Monday, July 16, 2007

The Open Science Notebook 10 years ago

So, with all these people blogging about the Open Science Notebook (yes, each word is one distinct blog) it is worth looking back in time. To make clear what I put under the OSN: a notebook in which experimental details and outcome are written down.
So, what did the OSN look like almost ten years ago?

It looked like the early open source chemoinformatics projects, such as CompChem and JMDraw set up by Christoph (the SourceForge projects have, unfortunately, been deleted; so I cannot link to the original project pages). JChemPaint and Jmol also originate from those years.

These projects were OSNs avant le lettre: an experiment in chemoinformatics is the definition of a new (or reformulation of an old) algorithm, writing down the experiment (source code in this code), uploaded into a repository (Open Science!) for everyone to comment on, possible sent around an announcement for discussion to mailing list, and reporting the outcome (preferable in a peer-reviewed journal). While I am ranting^Wtalking about the issues, chemoinformatics is in the luxurious situation that reproducibility of a procedure is much easier, except for the missing data part.

Just wanted to say that OSN is really nothing new, not to chemistry anyway. Maybe for lab chemists. Jean-Claude has shown to be very successful in promoting these open science ideas among lab chemists, and congratulate him with the exposure in all those magazine interviews lately. Cheers!

Open Science versus Open Source
Oh, and let me make the distinction between open source in general and open science. Many of the current open source software in chemistry(/chemoinformatics) are not open science. Open science means that every step in the development process is open, where is many chemoinformatics programs are dumped into the open source sphere at the end. That is not the way it should be.

For the lab chemists: ^W is a shortcut for 'delete the previous word'.


  1. Egon - yes when I use the term Open Notebook Science I generally refer to physical experiments done in a laboratory. We try to do the same for completely electronic "experiments" (like docking) but it has proven to be difficult to do as well. This may be because it is much easier to run "experiments" than in a physical lab and a lot of tweaking happens quickly without formally going through an objective, procedure, results, discussion and conclusion. This may be why it works better to track using a mailing list.

    In that sense, your term "Open Science Notebook" (vs ONS) may be more appropriate for software and cheminformatics development.

  2. I think also BioPerl has started a long time ago in producing code in the open, not just a dump after development. Still, there is quite a difference from software development and knowledge discovery. Anyone coding has been exposed to the open source movement and is more likely to know why it makes sense to expose their research agenda and work.

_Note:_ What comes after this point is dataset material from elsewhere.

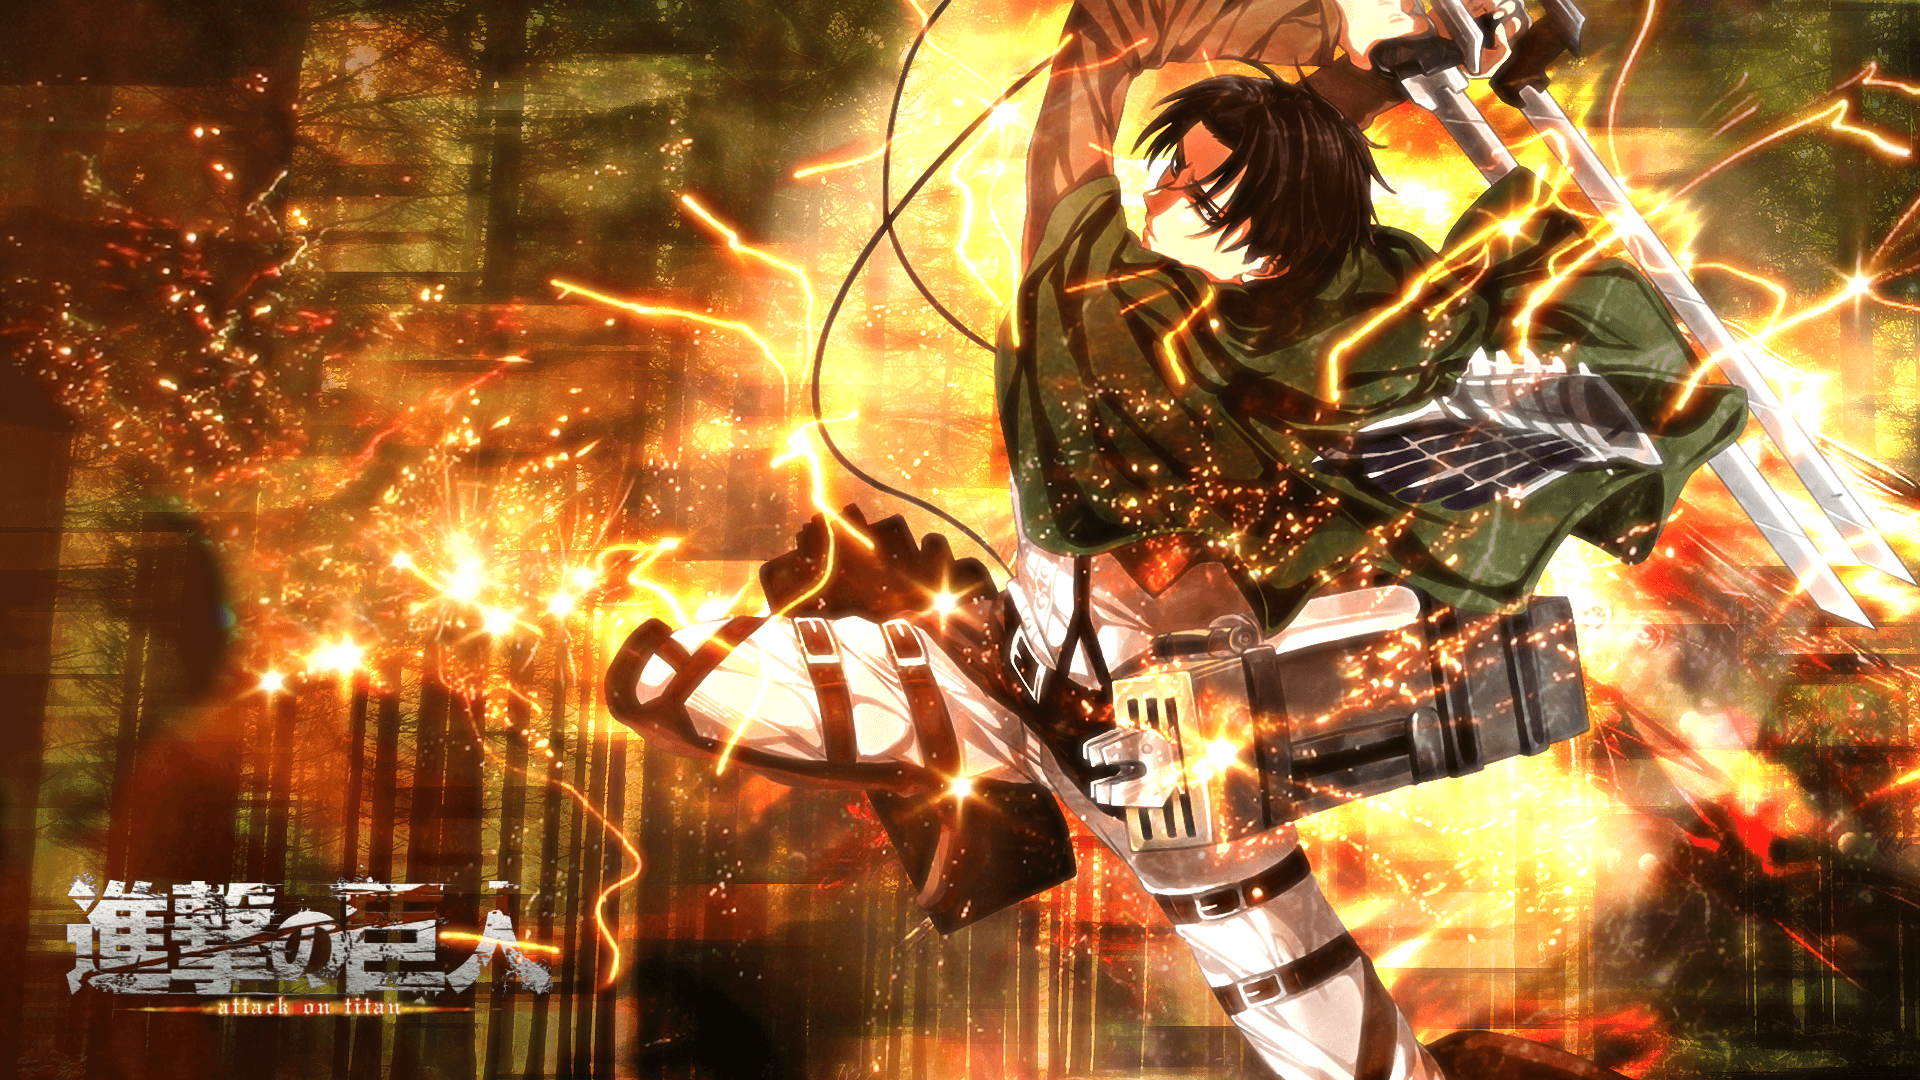 8 Fantastic Attack on Titan Wallpapers

People working at the bench or even people doing knowledge discovery with computational tools are less exposed to the potential benefits. It is great that we can in a discussion point out all the different examples to show that people are trying it and not just in computational work.

    Even considering software development the fraction of work that is open is a tiny minority of the total. So, at least in this case, I think this meme really deserves being hyped up. We just have to be sure it stays close to to a useful definition.

    Nodalpoint has some wiki pages up to compile this type of information. It would be great if you could add some of these examples as well a long with some historical perspective.

  3. Jean-Claude, did I mess up the acronym? Sorry about that. I was trying to refer to the same thing. I use a physical notebook when doing my work, at least as long as I don't have a distributed wiki online. And I keep a SVN repository for all the experiments I perform. I don' think a mailing list replaces the notebook at all, it replaces the group meetings. Many 'experiments' require one to carefully monitor the parameters. Though temperature, solvent is now replaced in docking by force field parameters. The fact that people are tweaking things quickly is bad for science, leading to suboptimcal results. Should not happen in chemoinformatics, neither in any other science.

  4. Pedro, I agree that those working with computers have a clearer advantage of exchanging software and data; just look the the easy copying of music and movies. I do want to stress, though, that a lot of open science chemo-/bioinformatics is not true open science, and Jean-Claude is showing how this is done.

    The open notebook science is to me allowing others to look up all parameters settings and optimizations needed to reproduce what I did. I do not see much difference in what I am doing right now, as what I was doing when in synthetic organic chemistry. (Yes, I used to be a lab chemist myself.)

  5. Thank you very much for sharing your thoughts. It is always great pleasure to read your posts.